Top of Data shown

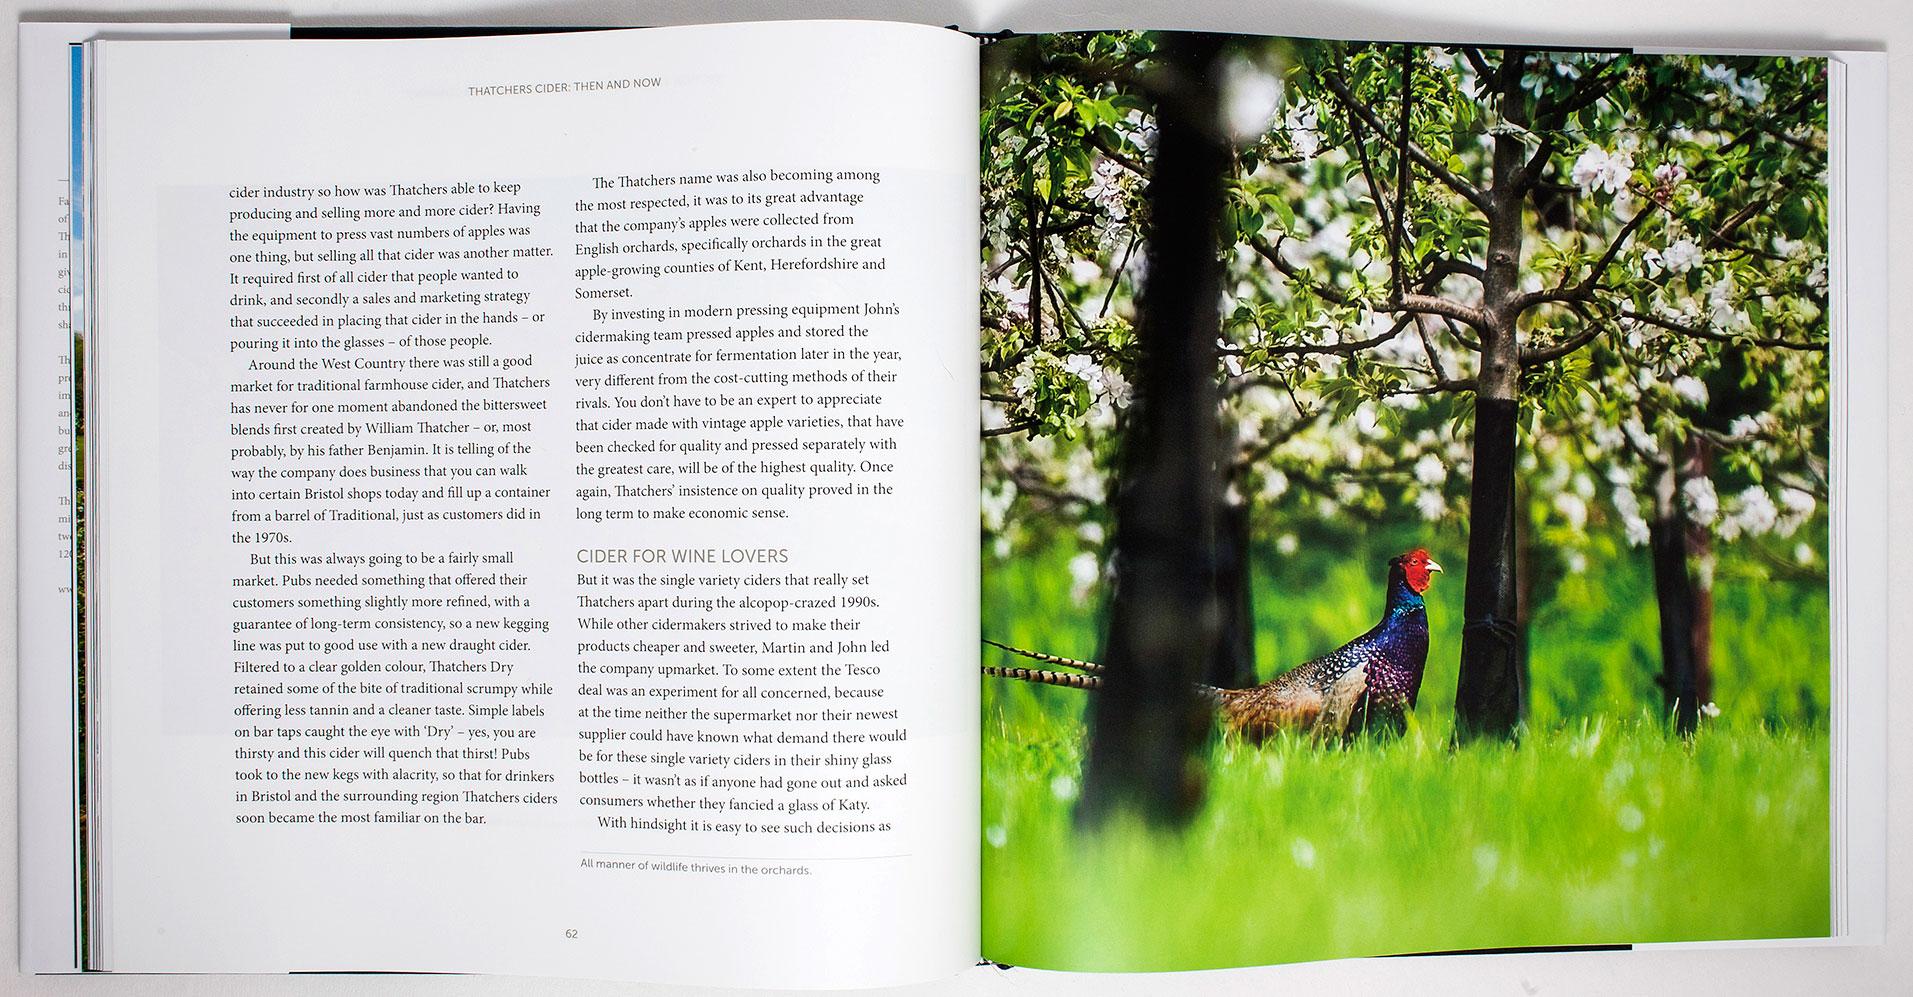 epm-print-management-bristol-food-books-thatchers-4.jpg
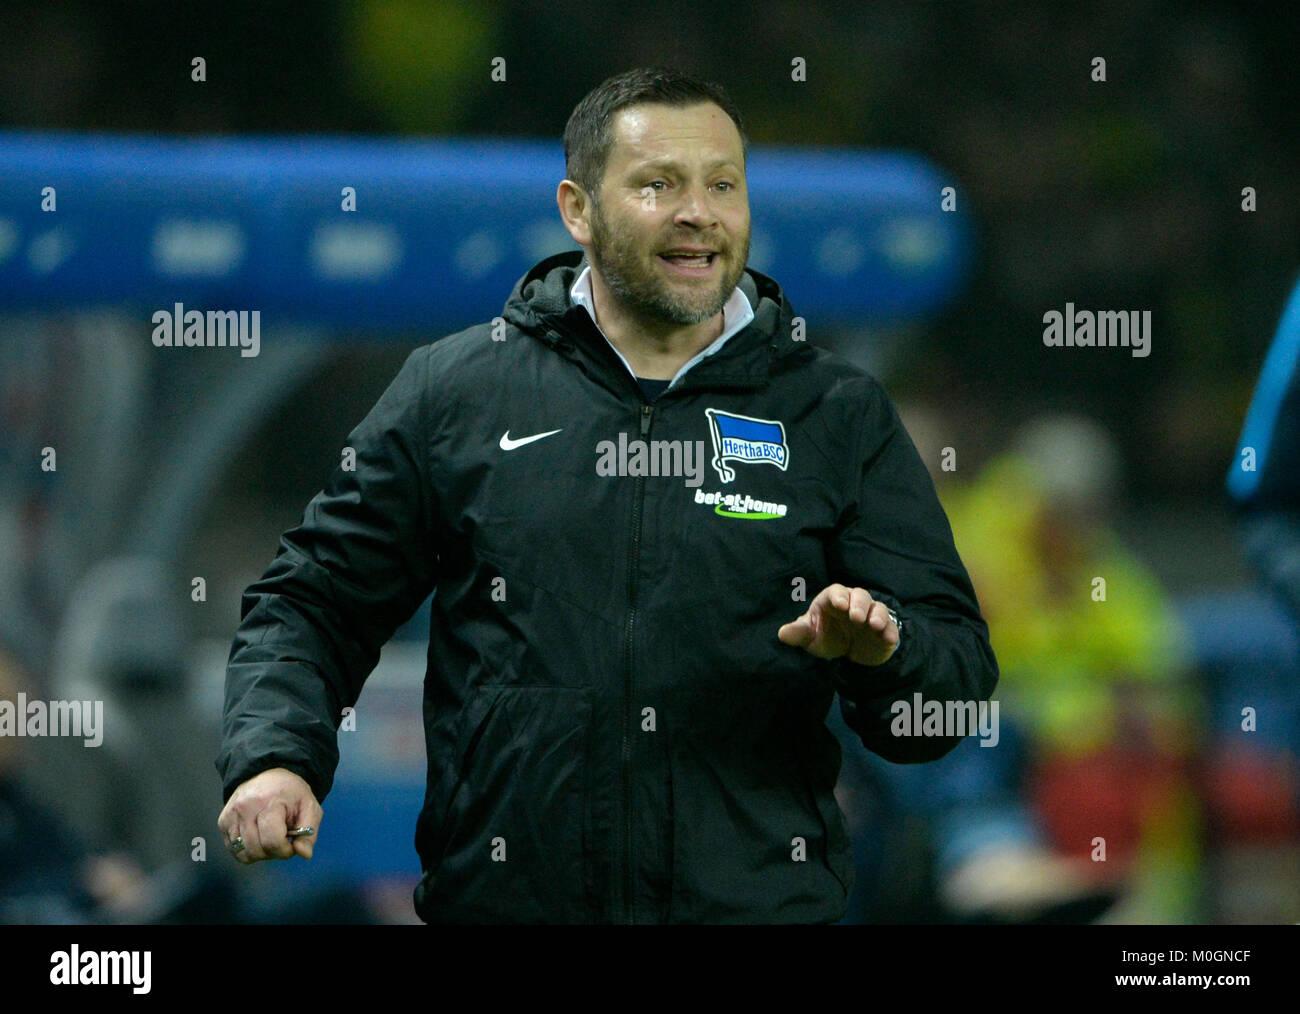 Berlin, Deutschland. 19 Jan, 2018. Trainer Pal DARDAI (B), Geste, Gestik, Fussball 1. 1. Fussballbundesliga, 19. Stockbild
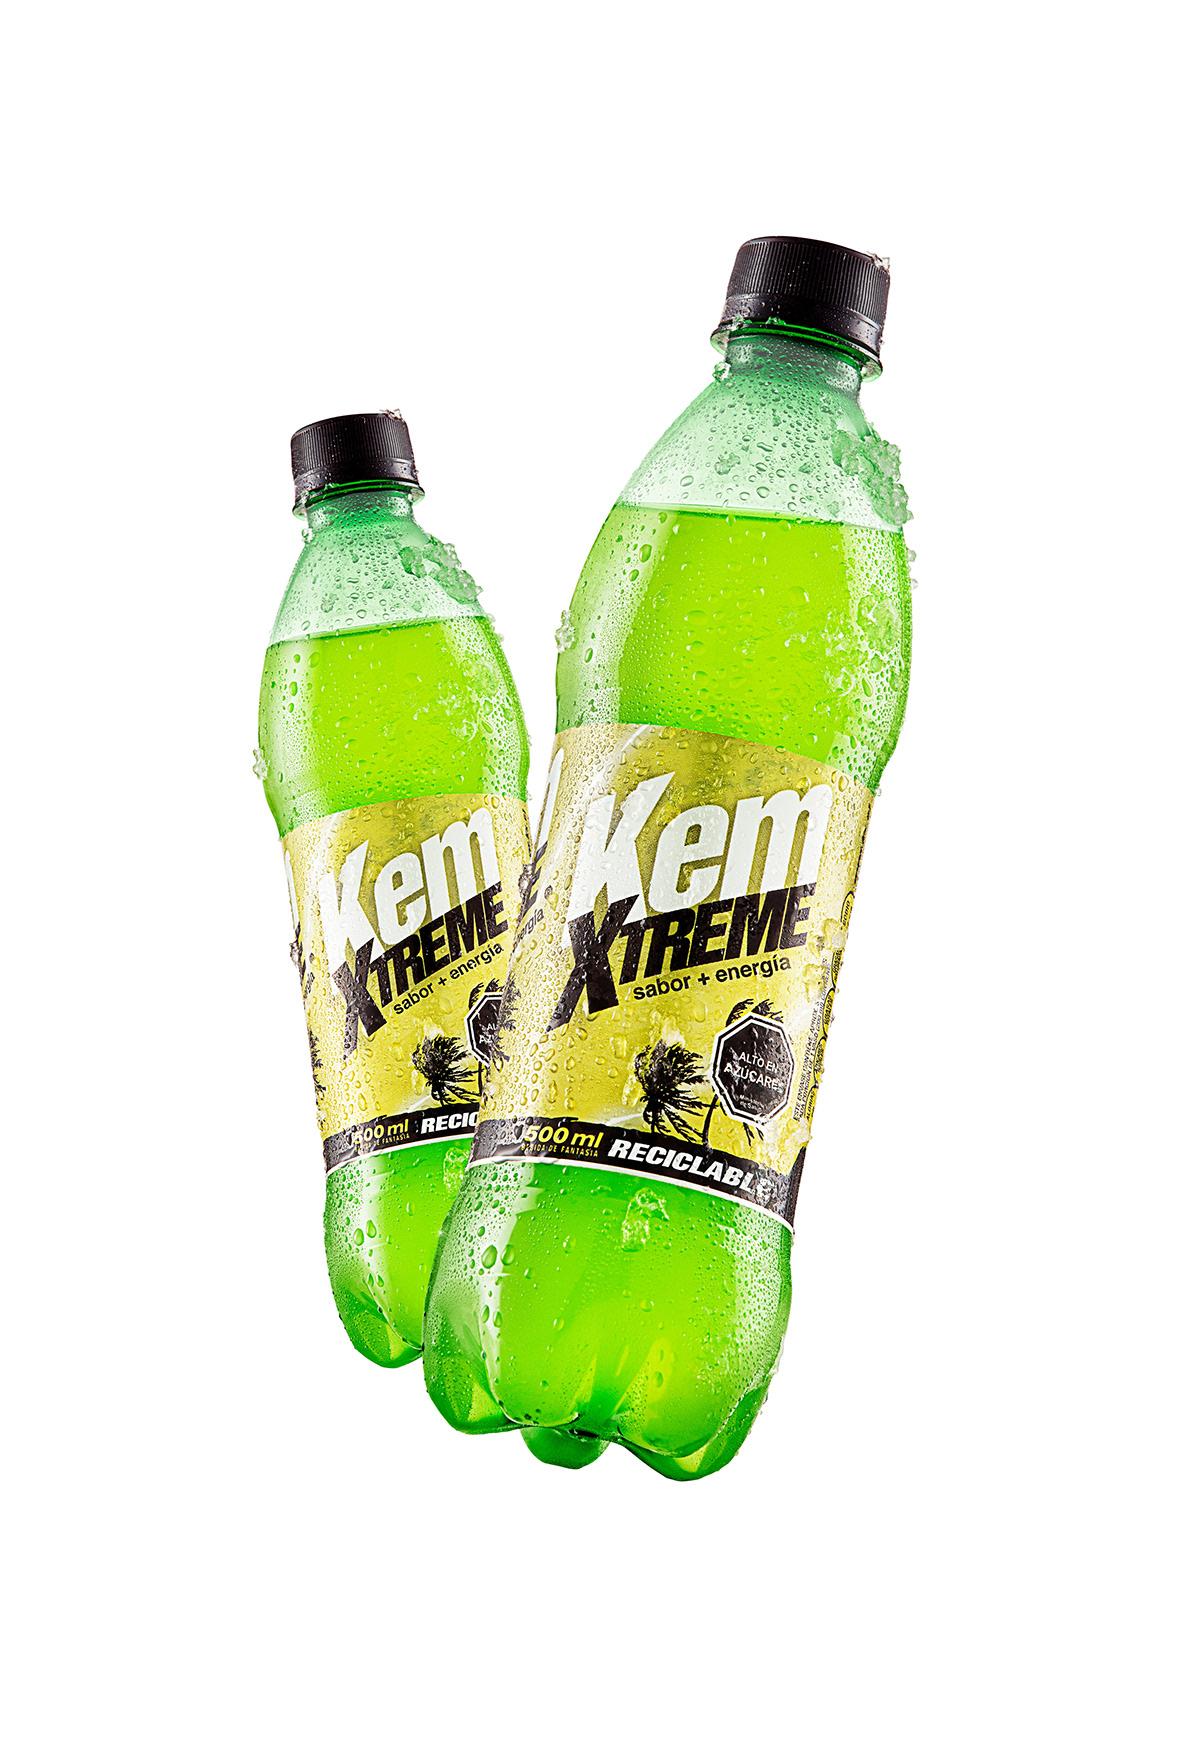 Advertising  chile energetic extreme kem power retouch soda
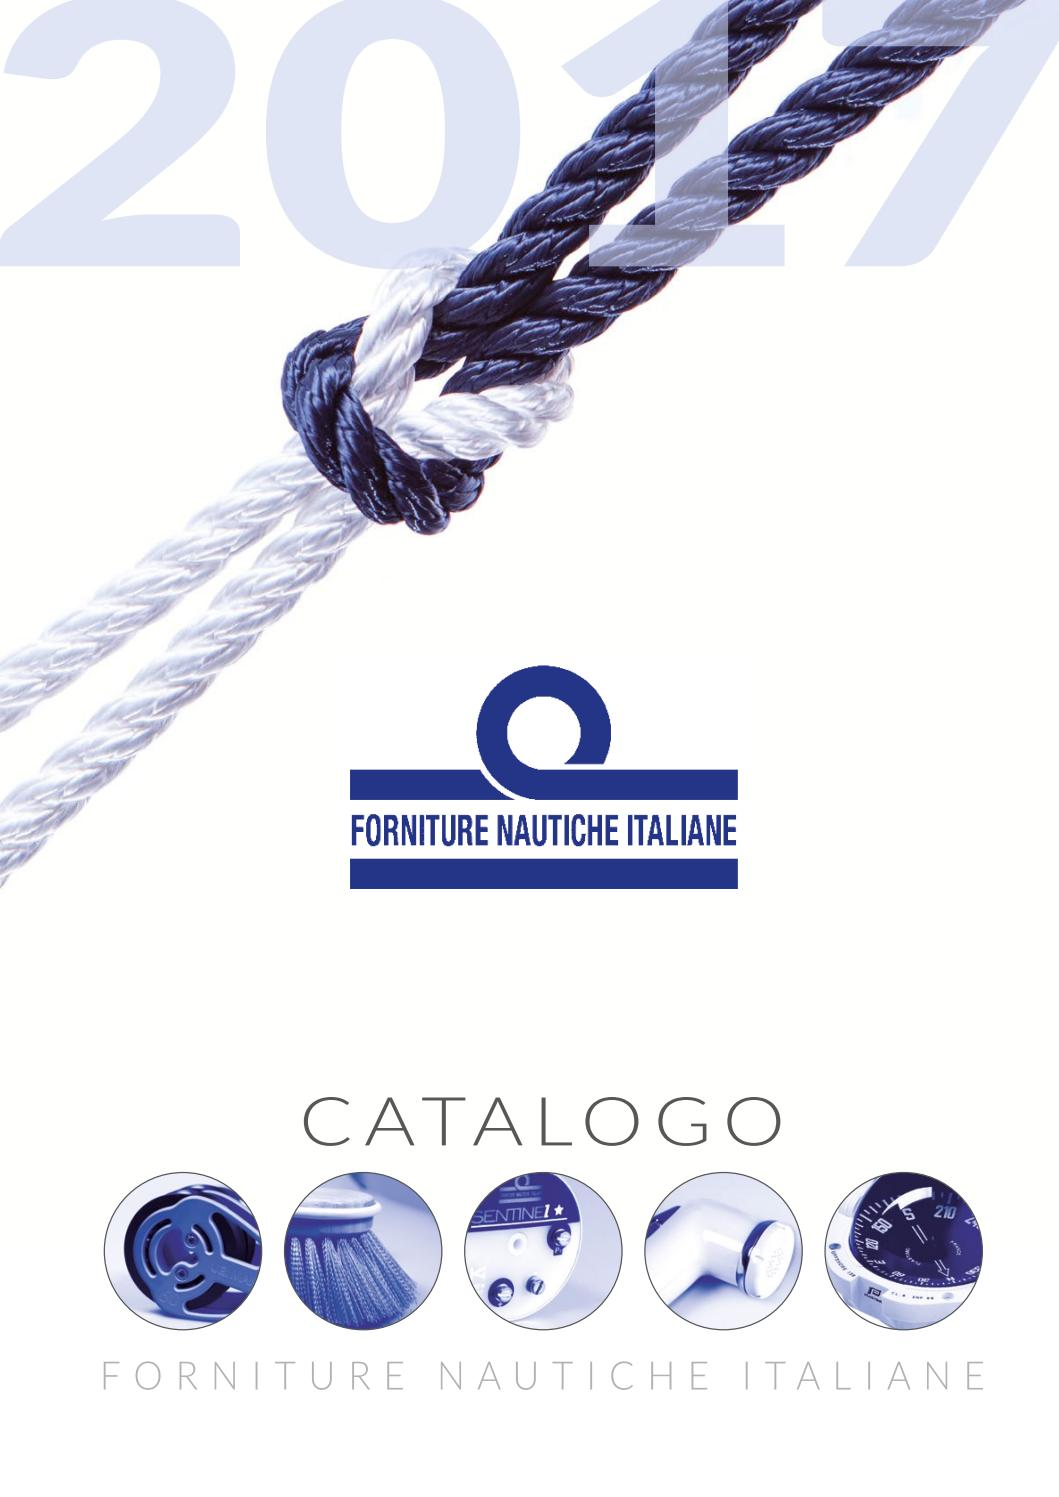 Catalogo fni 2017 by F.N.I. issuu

Bottom of Data shown

**What the task asks**
If a picture appears in the data, omit it; transcribe all the rest exactly.

**Response to the task**
 epm-print-management-bristol-food-books-thatchers-4.jpg
 Berlin, Deutschland. 19 Jan, 2018. Trainer Pal DARDAI (B), Geste, Gestik, Fussball 1. 1. Fussballbundesliga, 19. Stockbild
 Advertising  chile energetic extreme kem power retouch soda
 Catalogo fni 2017 by F.N.I. issuu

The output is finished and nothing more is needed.